# Damn ECDC6.MSI (roxio easy cd creator 6)



## woualex

Ok, here is the problem...

  I install a new cd driver and when I clicked on the icon in "My computer",

  there is a "windows installer" window.  It says to insert the "easy cd creator

  6" to continue the installation.  But I allready install it and I don't have the cd

  installer. So, I seek fo ECDC6.MSI on Kazaa.  It says : 

"A version is allready install on your computer, please uninstall the version before installing this one."

The second problem is that there is not an uninstaller for roxio 6, even not 

  in the control panel.  So, if someone has the same problem or knows where

  I can find the uninstaller reply please.​


----------



## Praetor

Try the Roxio uninstaller: http://softwareupdates.roxio.com/gm/support/tools/roxizap.exe 

Also, stay away from Roxio ... their products are crappy ... if you're looking for a general purpose burning application, Nero BurningROM is a much better choice (and certainly less of a hassle)


----------



## woualex

Thanks for the tip Praetor, and I had nero  burning rom before I changed for roxio and I think I have the cd somewhere.


----------



## Praetor

Well worth the switch back to Nero-territory. Much more support for that proggie (not to mention far fewer flaws heehee)


----------



## woualex

I delete roxio but the "windows installer" window is always appearing.  But I 

  find something, when I stop "IKernel.exe" in "task" the message stops.  But I 

  don't know what is the link between the message about "ecdc.msi" and " 

  IKernel.exe".  And when I open anything, a clip, picture, etc., "Ikerel.exe" 

  reappear and the message also.


----------



## Praetor

> I delete roxio but the "windows installer" window is always appearing. But I find something, when I stop "IKernel.exe" in "task" the message stops. But I don't know what is the link between the message about "ecdc.msi" and " IKernel.exe". And when I open anything, a clip, picture, etc., "Ikerel.exe" reappear and the message also.


1. You dont have to make hard-returns ... the forum automatically take care of that for you 

2. See what I mean about Roxio hassles? 

3. Try running a registry cleaner to get rid of the garbage left over

4. A quick "patch-up solution" to the problem might be to get some type of startup manager and stop it from starting. I use StartMan which you can get from here: http://home.ptd.net/~don5408/toolbox/startupcpl/


----------



## woualex

Thanks, I dwl your program and it works.


----------



## Praetor

Glad I could help!


----------



## akwise

For those that don't have Nero to use, there is a solution with the missing ECDC6.msi file for Roxio.  This is the BEST answer for this problem. I had been having this problem for about 2 months and was just able to figure this out after so much frustration! Windows is trying to perform an on-demand installation. So you'll need to go access the Application Log in Event Viewer. Perform these steps:
1) Run the following command.
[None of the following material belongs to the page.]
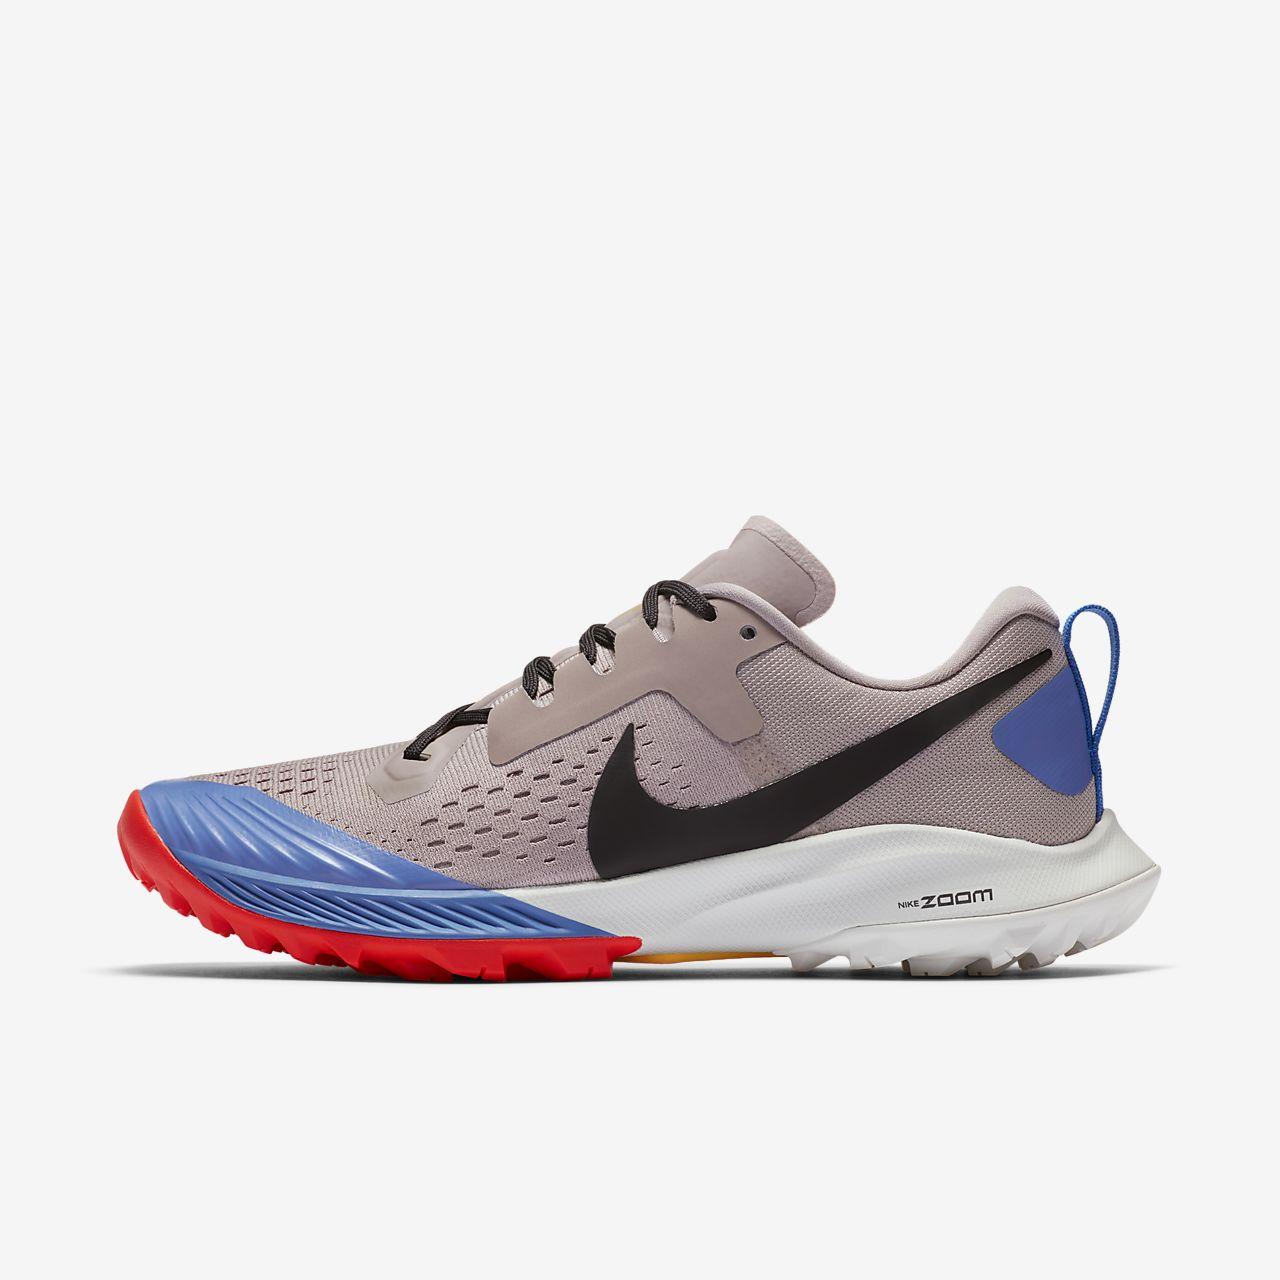 Nike Air Zoom Terra Kiger 5 Zapatillas de running para trail - Mujer

Click => Start => Run and type, eventvwr.msc, Click OK
2) In the Event Viewer, double click Application
3) Find the Error that has in the Source Field "MsiInstaller" - this error will say something to the effect that the Easy CD DVD Creator could not continue.
4) Open the item below that, it should be a Warning, it might say something about detection of product and some component failed (mine said DragtoDisc failed)
5) The Warning item below that one should be the one that you need to find a particular file to open, it should say "Detection of Product....feature ECDC6 component....failed. The resource C:|WINDOWS\System 32\RICHTX32.OCX does not exist. So, I was missing a file called RICHTX32.OCX. If you are missing the same file, jot down the path where the file needs to be.
6) Go to this website: http://www.ascentive.com/support/new/suppo...me=RICHTX32.OCX
7) 1/2 way down the page after the bold word Alternatively, Right click on Download RICHTX32.OCX and save to the path you wrote in #6 above.

If you are missing a different file than in #5, just input that file name in Google.com and you should come up with files you can download.

I hope this helps! It helped me!


----------